若有多个相等最短的队列, 选择标号最小的队列排队,

若所有队列都满了, 则继续在黄线外等待, 直到有队列空出来, 若两个队列同时空出来, 选择标号最小的进入

思路(我是真不知道哪里有问题):

数据结构:
wins[n]一个队列数组来模拟窗口的队列
time[k]来记录每个人剩余的处理时间
wait 记录有几个人进入了黄线
ans[i]记录第i个人完成时所花费的时间
算法
进入队列:
第一次进入时: 依次进入(每个队列进一个人反复) 直到所有队列满;
  i = 0
  while(有队列未满){
  	wait++ 进入队列wins[i];
  	i = (i+1) % n;
  }		
模拟出队:
用cost_time 记录时间, 每循环一次cost_time++, time[所有队列第一个人]-- 循环直到time[]所有为0, 即所有处理完成;
  while(!allfinished(time)){
  	while(有队列未满){
  		找到最短对列pos, 若有多个最短, 找标号最小的
  		wait++ 进入队列wins[pos]
  	}
  	cost_time++;
  	for(i = 0; i < n; i++){  // 给每个队列的第一个人的处理剩余时间-1, 若处理完成则出队
  		if( --time[wins[i]] == 0){
  			tmp = wins[i].popFirst();
  			// 记录这个人出队时间
  			ans[tmp] = cost_time;
  		}	
  	}
  }
打印结果:
check[i]为需要查询的人
  Print(ans[check[0]]);
  for (i = 1; i < q; i++)
  {
      printf("\n");
      Print(ans[check[i]]);
  }

  void Print(int min)
  {
      if (min > 540)
      {
          printf("Sorry");
          return;
      }
      int h = min / 60 + 8;
      int m = min % 60;
  
      printf("%02d:%02d", h, m);
  }

代码在最后

题目

Suppose a bank has $N$ windows open for service. There is a yellow line in front of the windows which devides the waiting area into two parts. The rules for the customers to wait in line are:

The space inside the yellow line in front of each window is enough to contain a line with $M$ customers. Hence when all the $N$ lines are full, all the customers after (and including) the $(N M + 1)$ st one will have to wait in a line behind the yellow line.
Each customer will choose the shortest line to wait in when crossing the yellow line. If there are two or more lines with the same length, the customer will always choose the window with the smallest number.
$Customer_i$ will take $T_i$ minutes to have his/her transaction processed.
The first $N$ customers are assumed to be served at 8:00am.
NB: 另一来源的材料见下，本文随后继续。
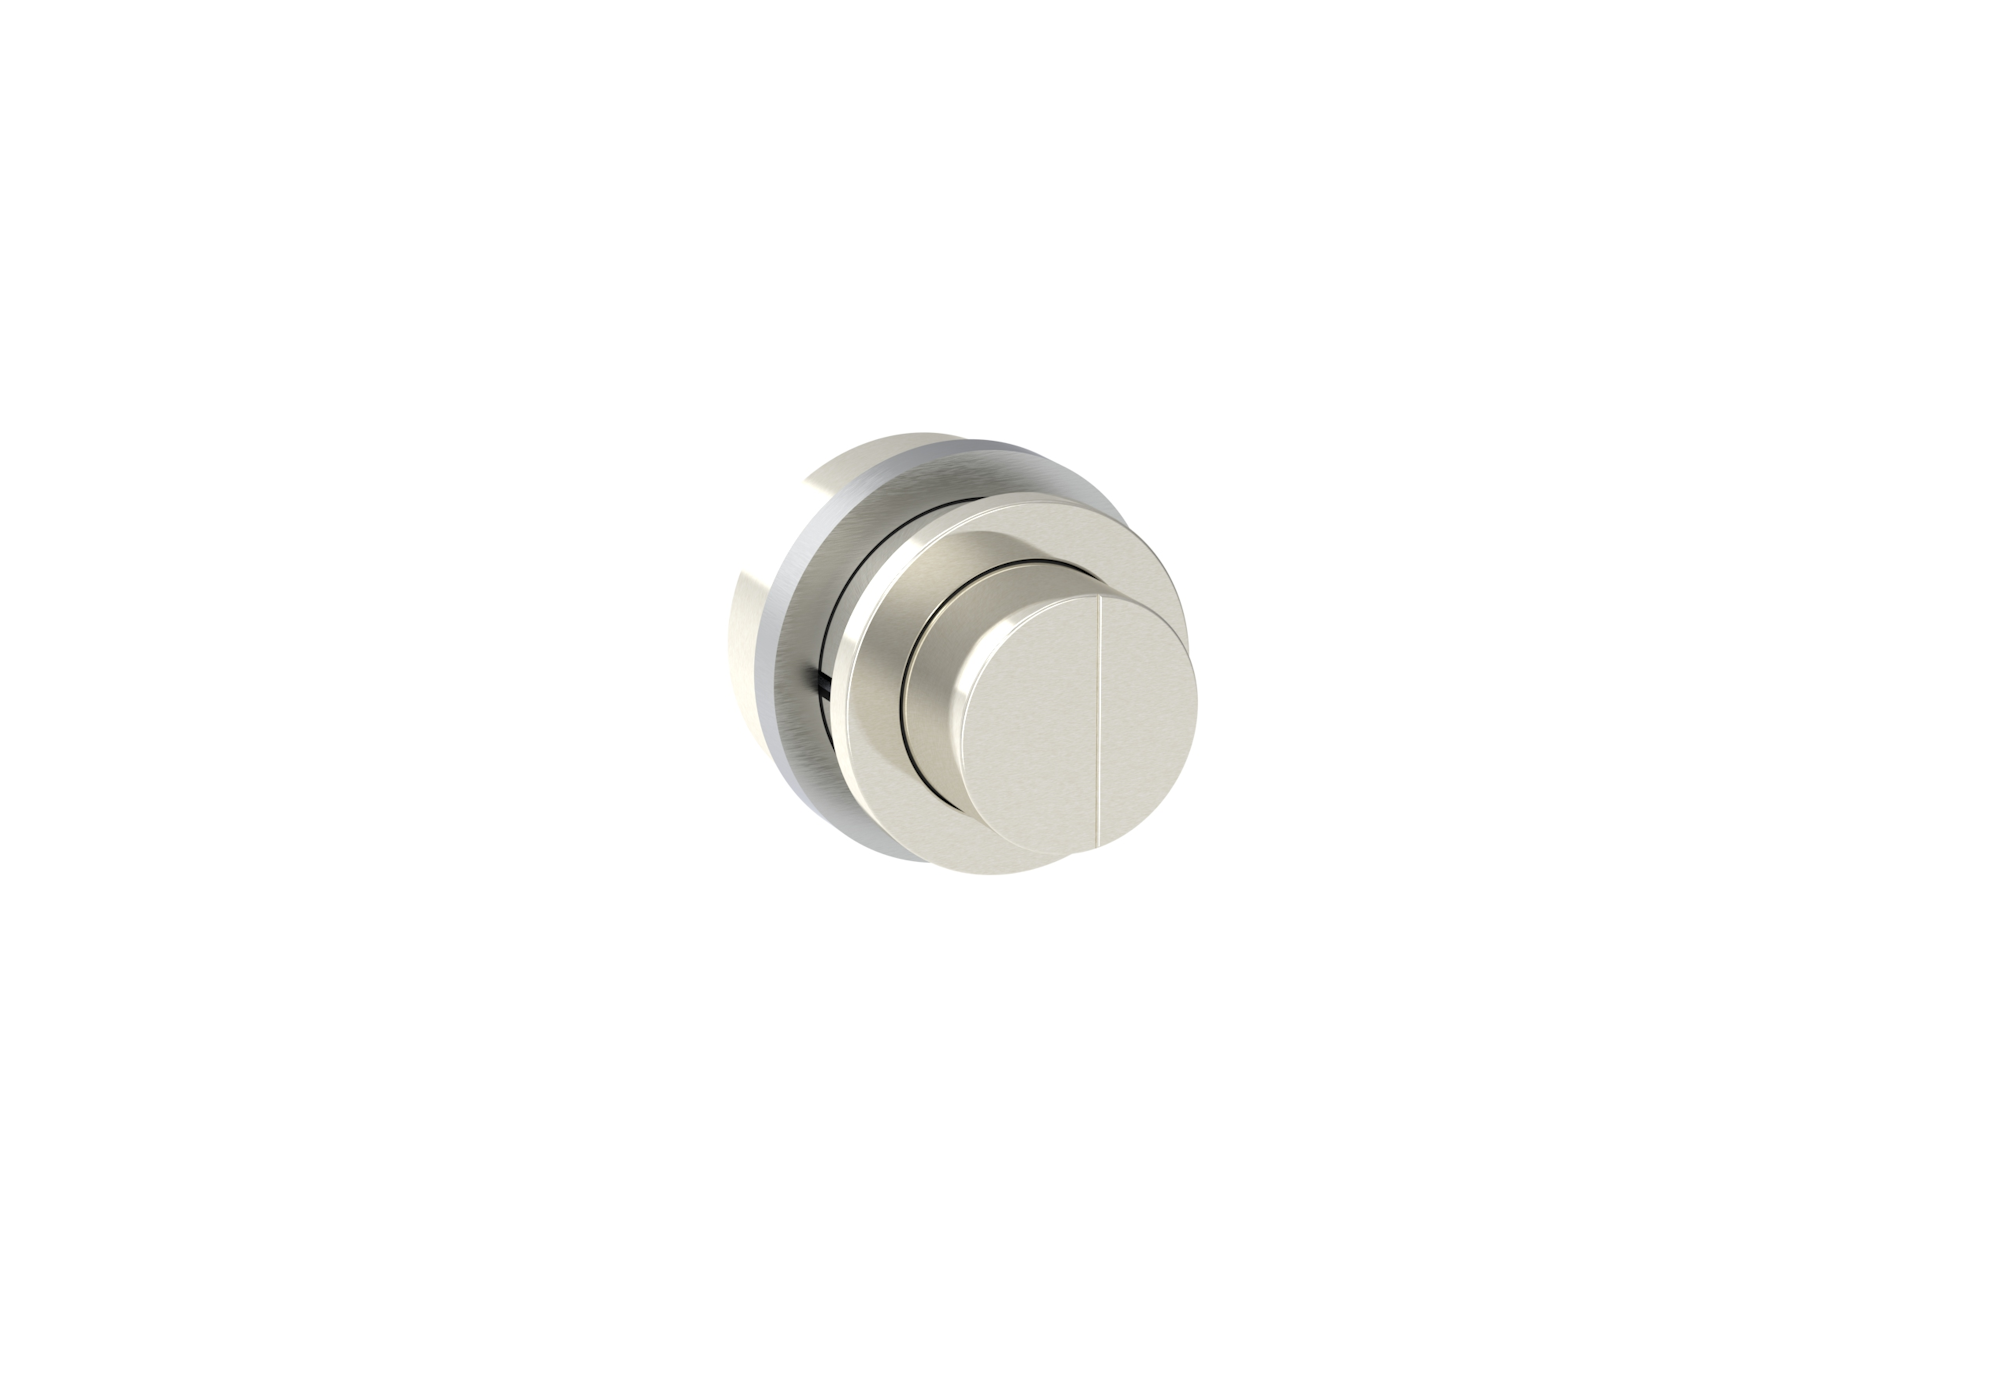 FLUSHE 2.0 brass flush button (for HC2030) - Brushed Nickel PVD
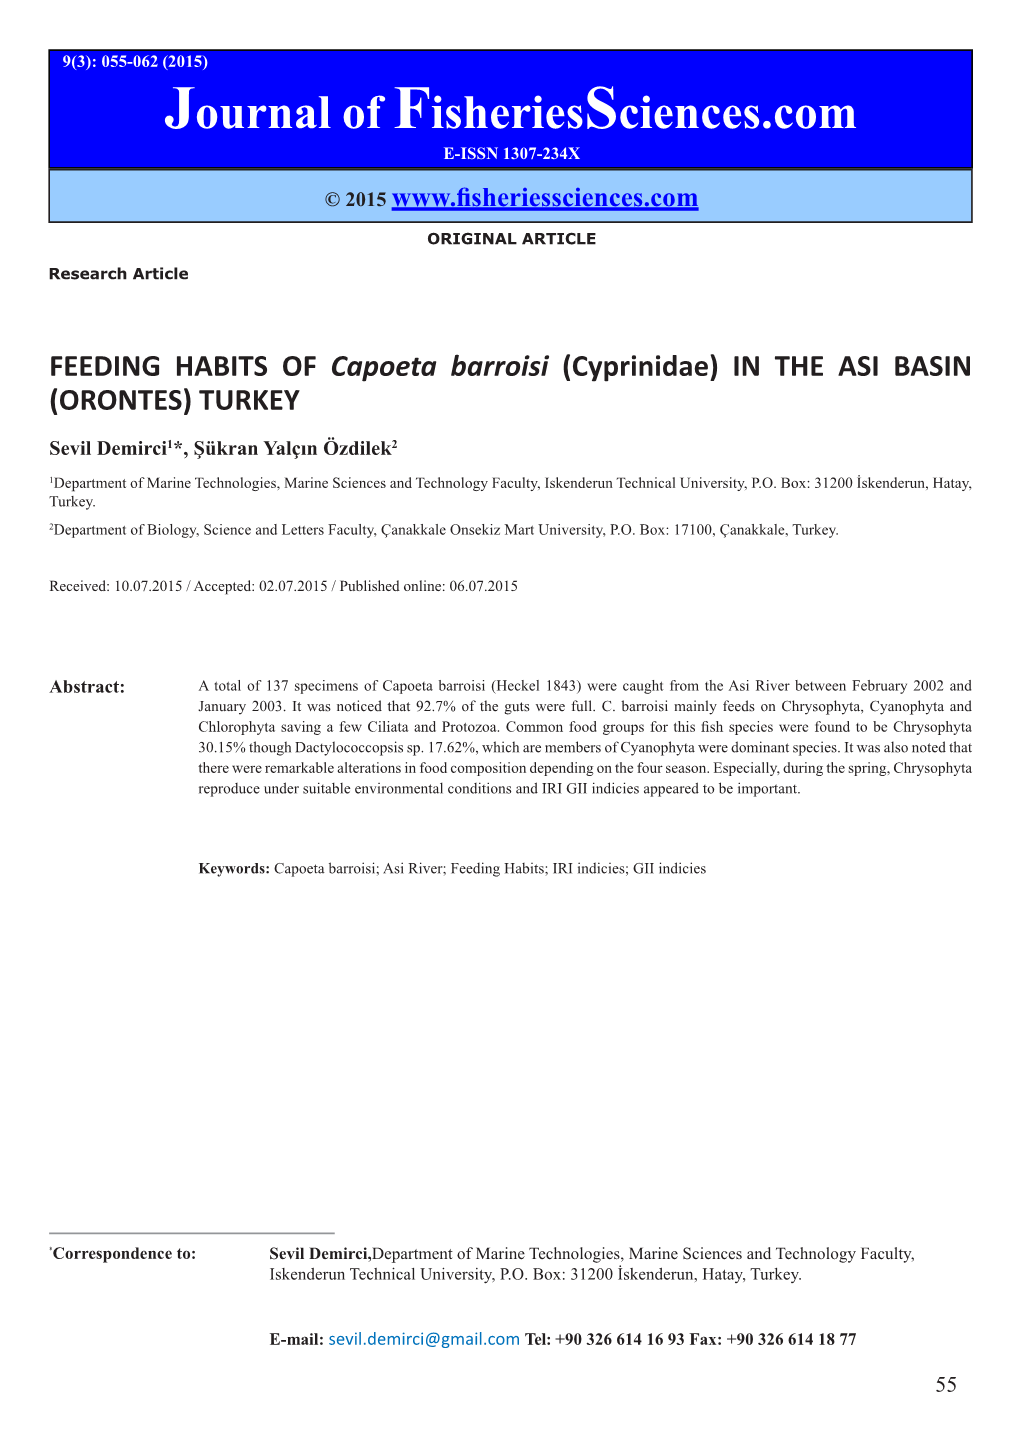 FEEDING HABITS of Capoeta Barroisi (Cyprinidae) in the ASI BASIN (ORONTES) TURKEY

Now given the processing time of each customer, you are supposed to tell the exact time at which a customer has his/her business done.

For example, suppose that a bank has 2 windows and each window may have 2 custmers waiting inside the yellow line. There are 5 customers waiting with transactions taking 1, 2, 6, 4 and 3 minutes, respectively. At 08:00 in the morning, $customer_1$ is served at $window_1$ while $customer_2$ is served at $window_2$ . $Customer_3$ will wait in front of $window_1$ and $customer_4$ will wait in front of $window_2$ . $Customer_5$ will wait behind the yellow line.

At 08:01, $customer_1$ is done and $customer_5$ enters the line in front of $window_1$ since that line seems shorter now. $Customer_2$ will leave at 08:02, $customer_4$ at 08:06, $customer_3$ at 08:07, and finally $customer_5$ at 08:10.

Input Specification:

Each input file contains one test case. Each case starts with a line containing 4 positive integers: $N$ ( $≤20\le 20$ , number of windows), $M$ ( $≤10\le 10$ , the maximum capacity of each line inside the yellow line), $K$ ( $≤1000\le 1000$ , number of customers), and $Q$ ( $≤1000\le 1000$ , number of customer queries).

The next line contains $K$ positive integers, which are the processing time of the $K$ customers.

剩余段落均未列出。